Required action: Only the lines in the entries below from the line with "David Sanchez and" to the line with "Elisa purple crepe trousers - Hofmann", both included, belong in the answer, transcribed exactly and without pictures.

--- Records Enclosed Below ---

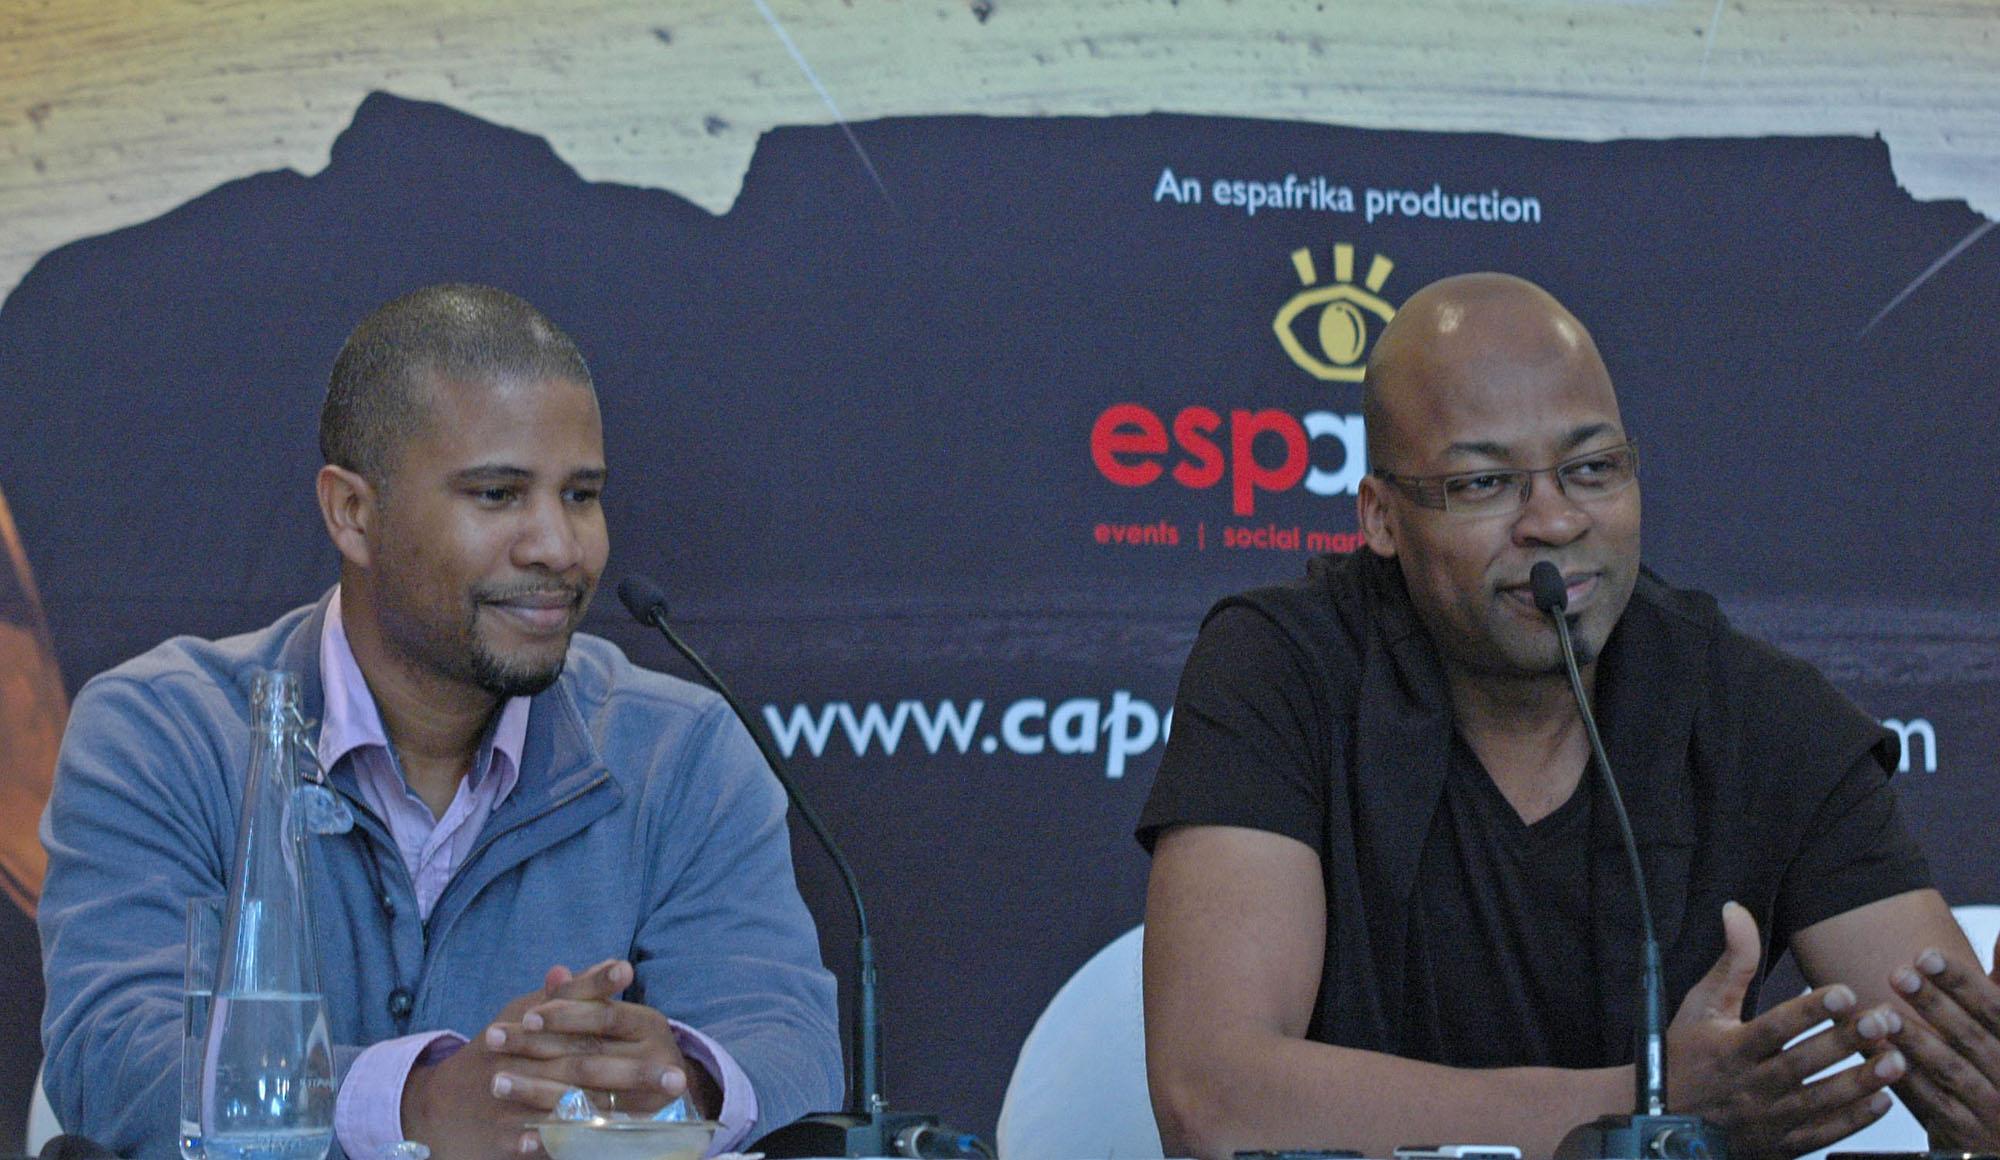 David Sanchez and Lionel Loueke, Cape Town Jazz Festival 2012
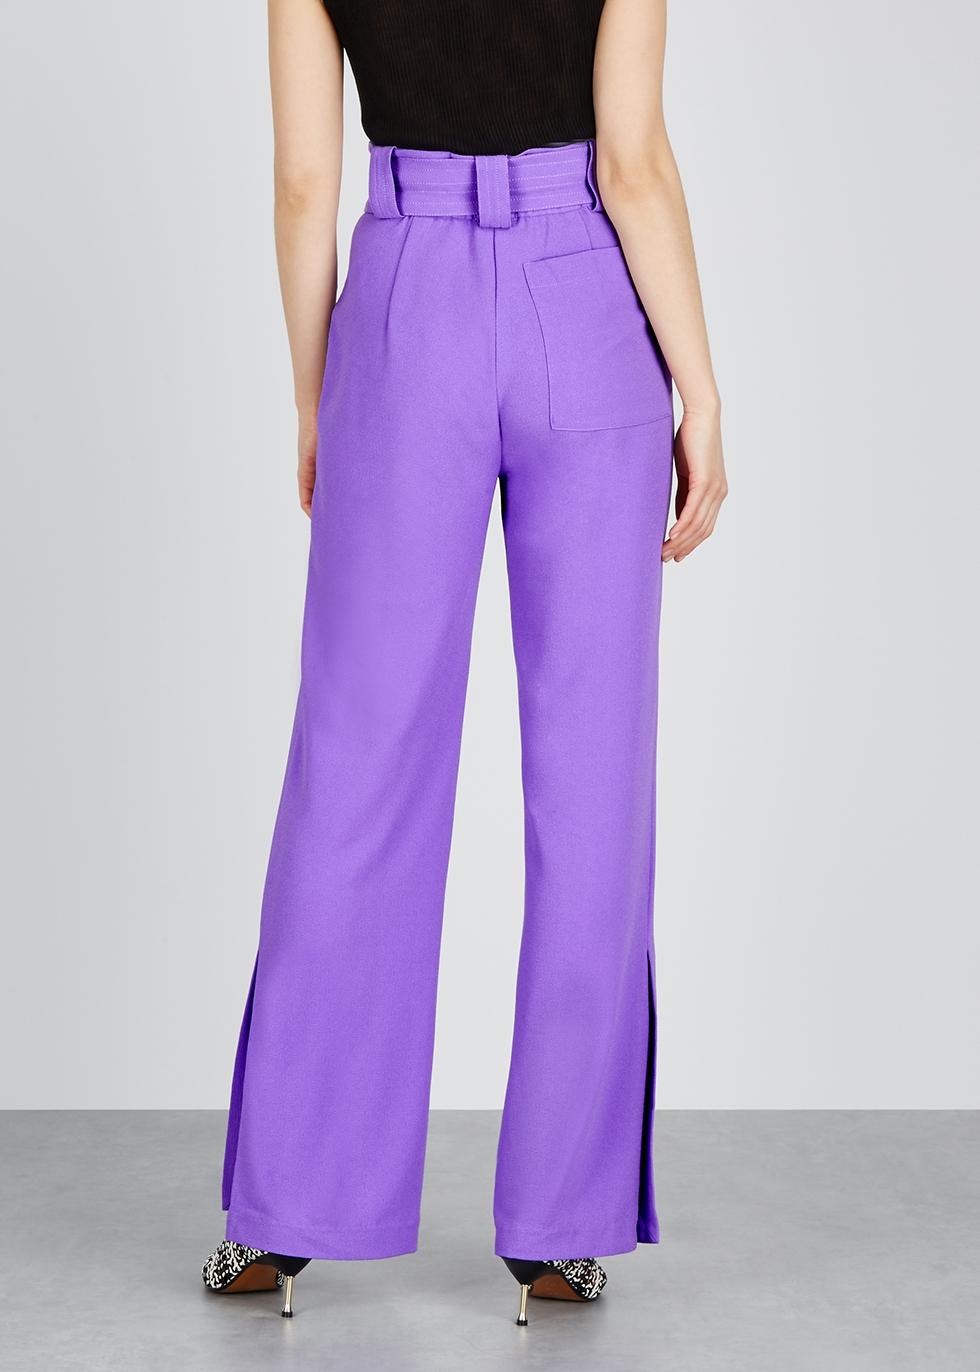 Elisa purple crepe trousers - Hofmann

--- End of Enclosed Records ---
--- Records Enclosed Below ---

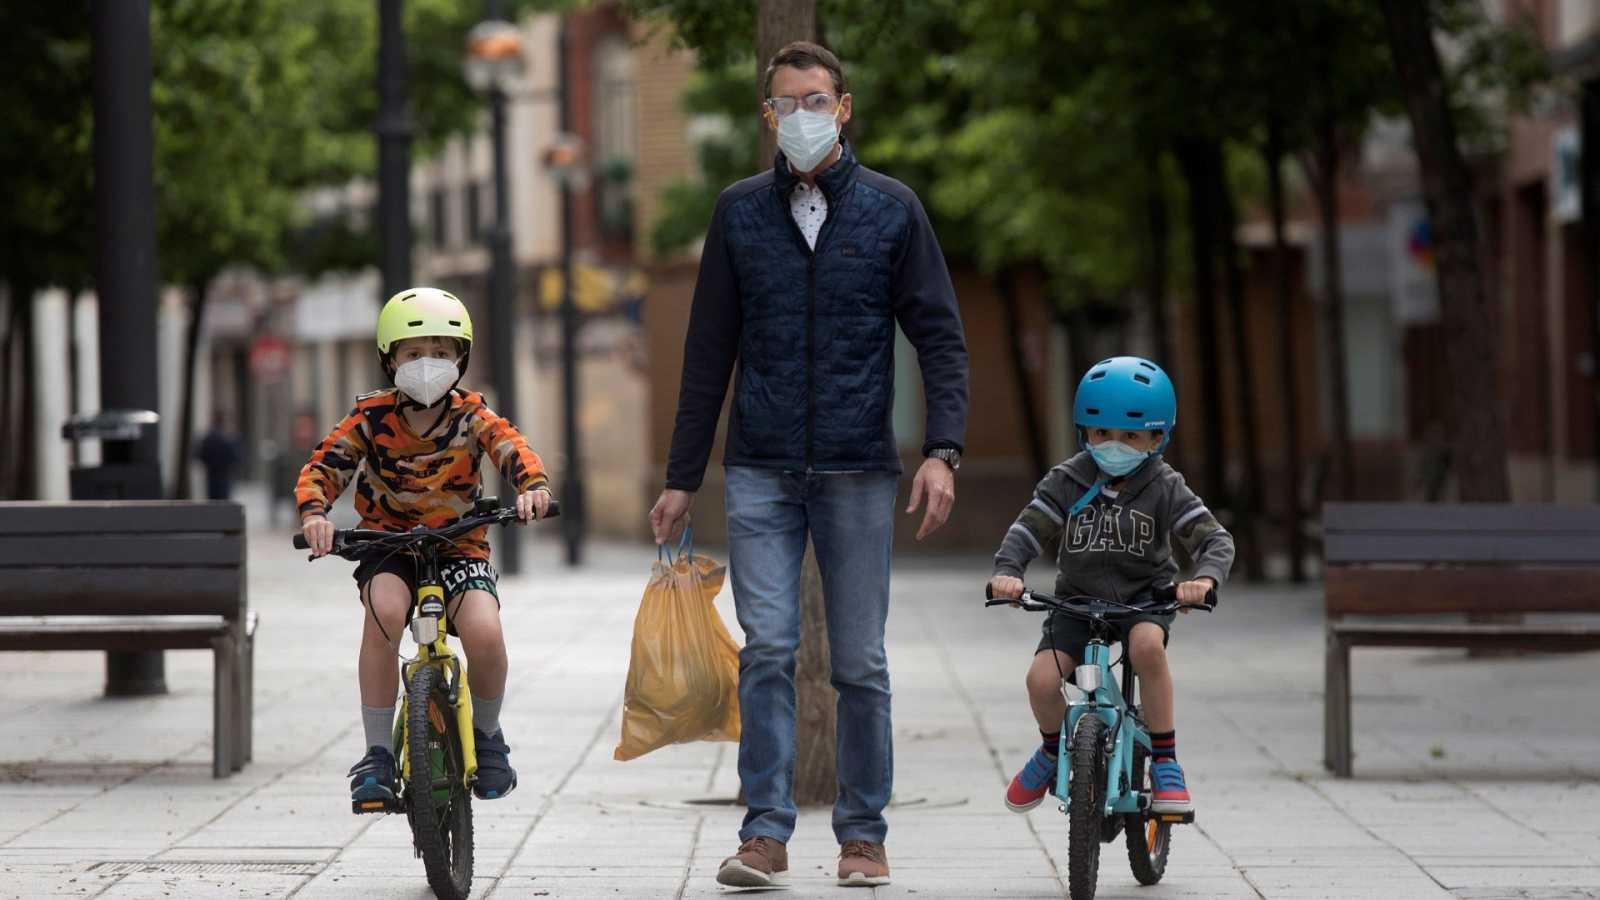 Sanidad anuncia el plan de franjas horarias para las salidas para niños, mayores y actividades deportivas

--- End of Enclosed Records ---
--- Records Enclosed Below ---

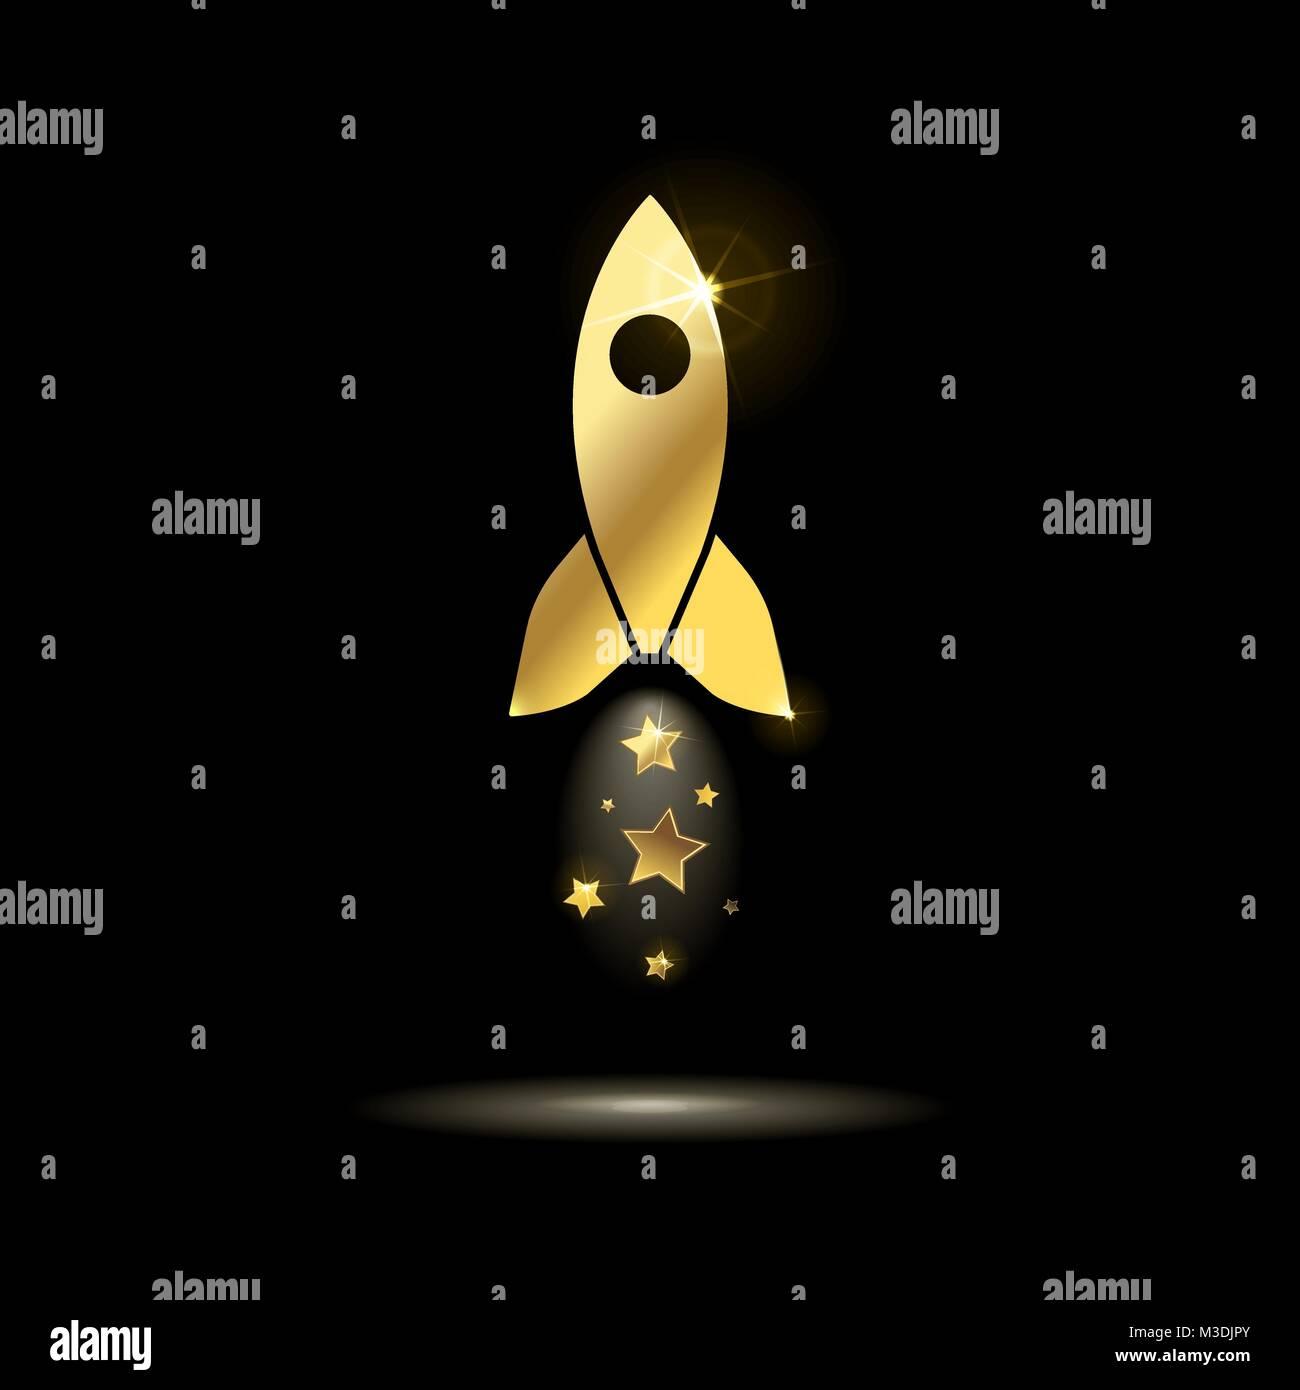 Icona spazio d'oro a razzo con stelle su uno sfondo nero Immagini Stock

--- End of Enclosed Records ---

The completed task:
 David Sanchez and Lionel Loueke, Cape Town Jazz Festival 2012
 Elisa purple crepe trousers - Hofmann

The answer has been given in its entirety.